▸ **Collected data**:
-----
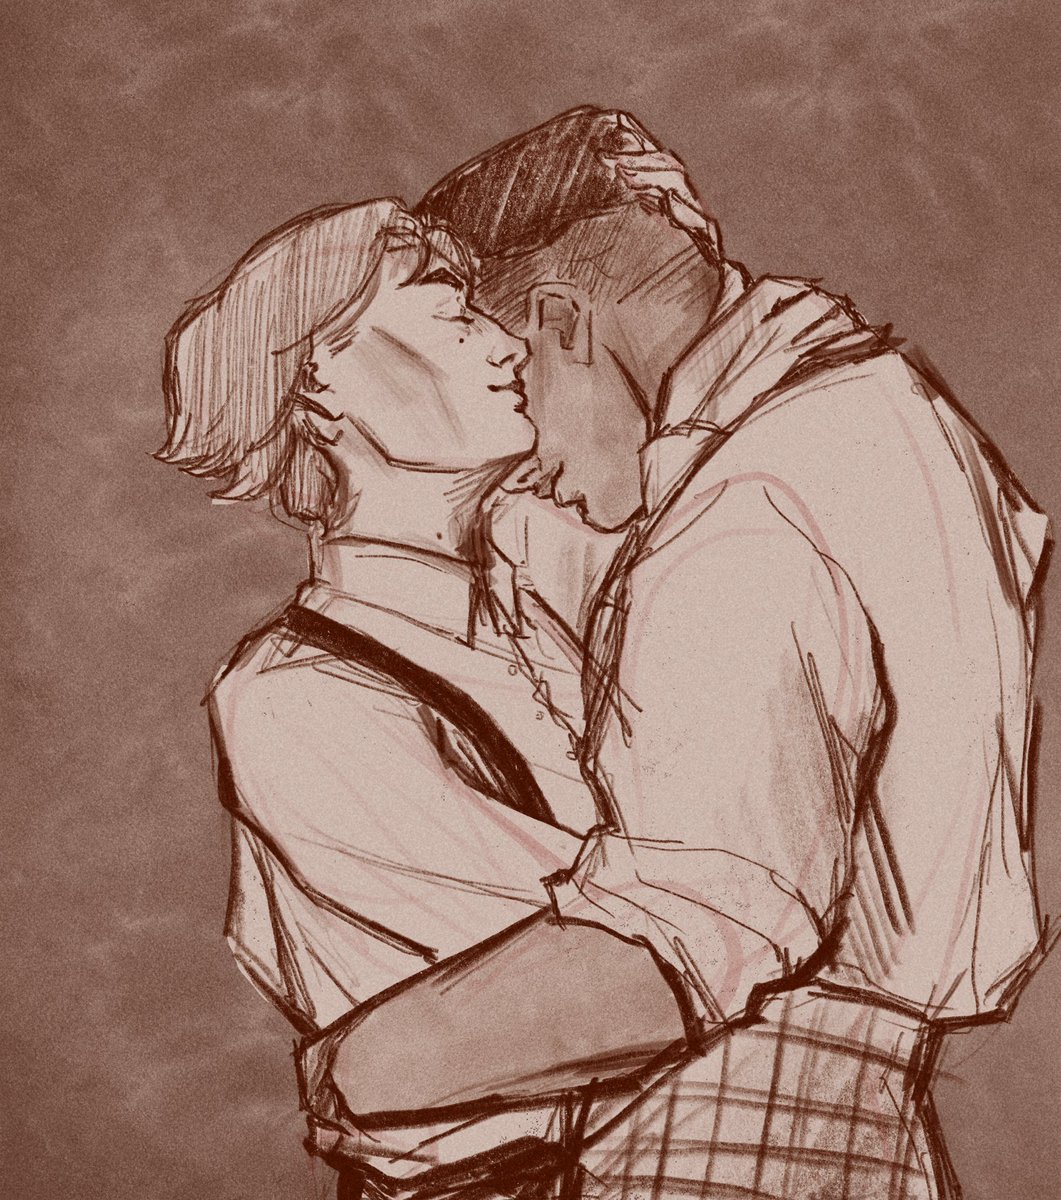 From a tumblr ask I got! 💛💛 coincidentally Let's do it, let's fall in love plays in the background 

A goal of mine is to work more on the 1920s au 👌

#jayvik 
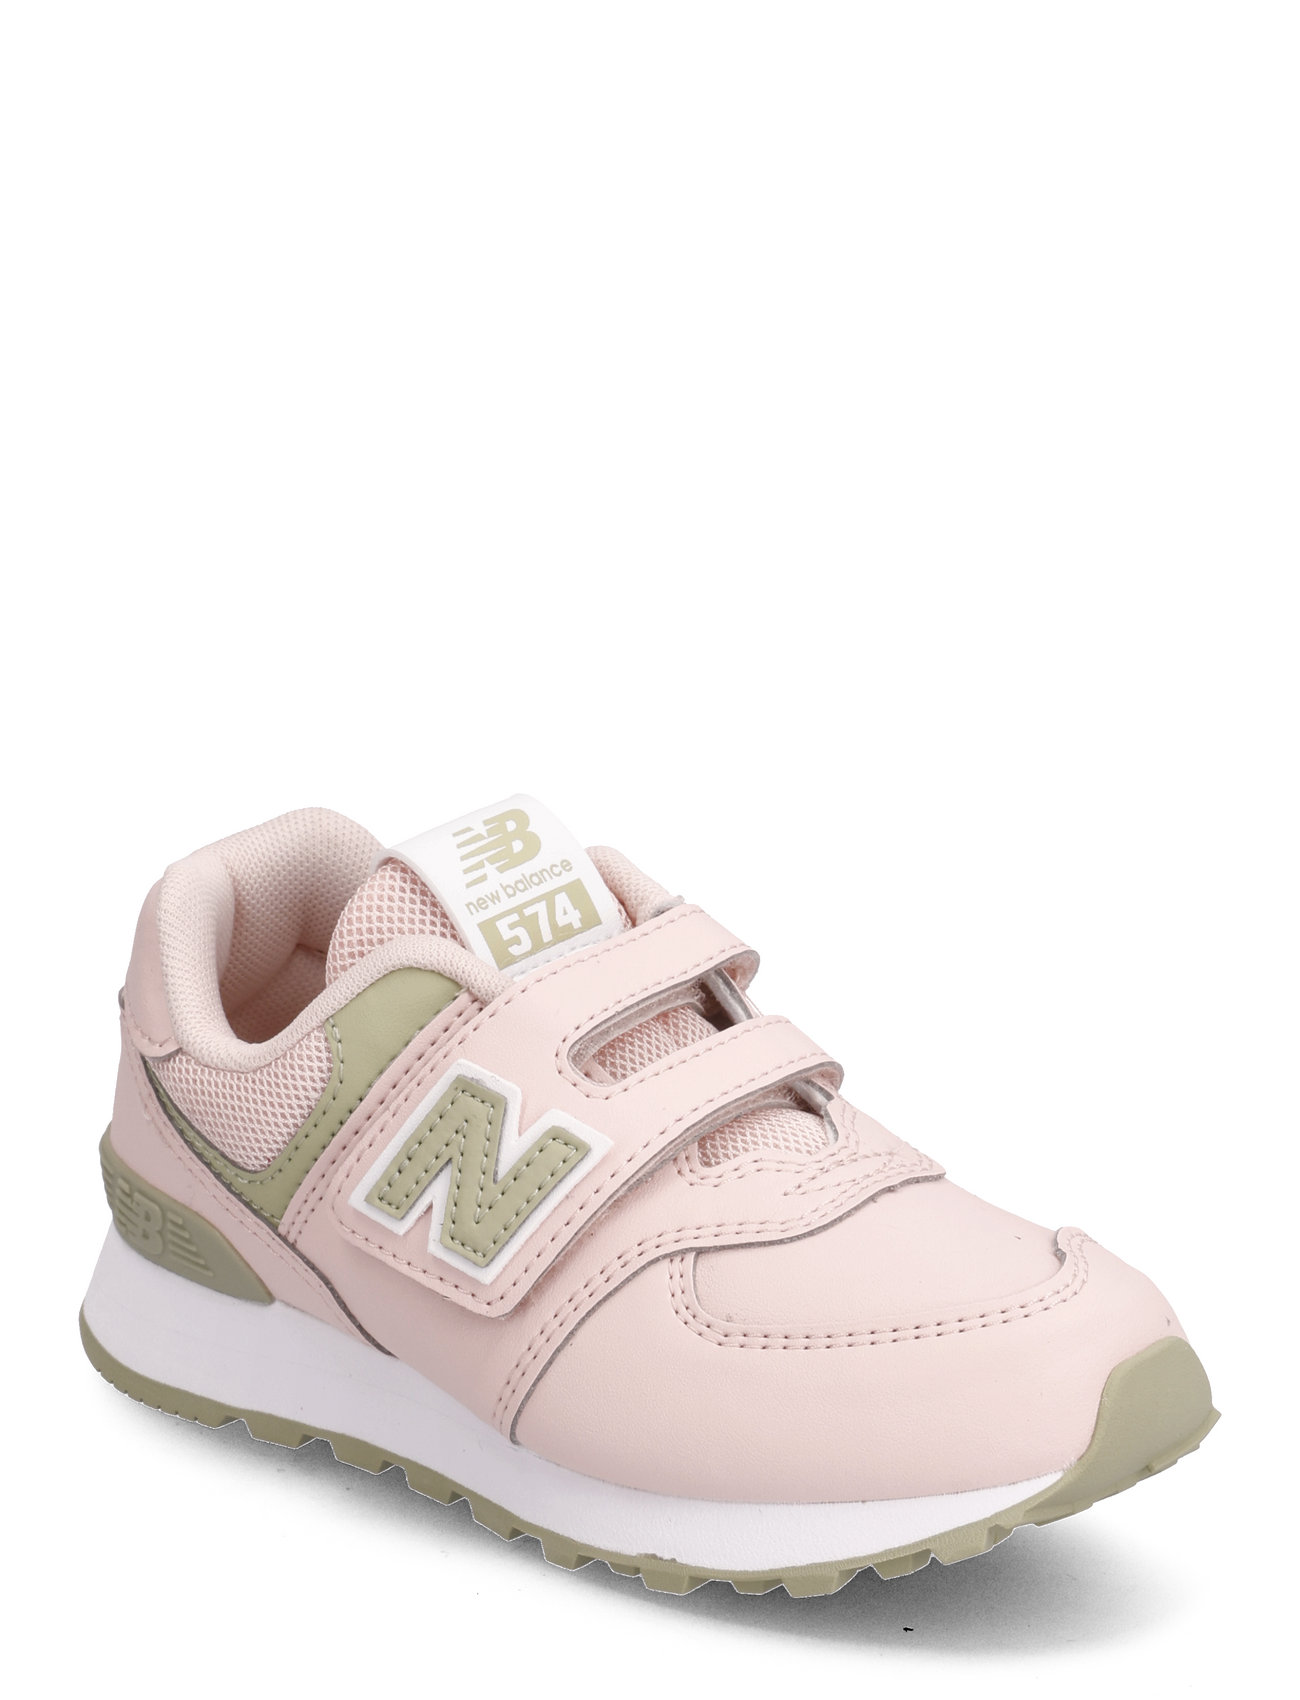 New Balance 574 Hook And Loop Sport Sneakers Low-top Sneakers Pink New Balance
-----
▸ **What the task requires**: The material above holds pictures; copy everything else in it exactly.

▸ **Solution to this task**:
 From a tumblr ask I got! 💛💛 coincidentally Let's do it, let's fall in love plays in the background 

A goal of mine is to work more on the 1920s au 👌

#jayvik 
 New Balance 574 Hook And Loop Sport Sneakers Low-top Sneakers Pink New Balance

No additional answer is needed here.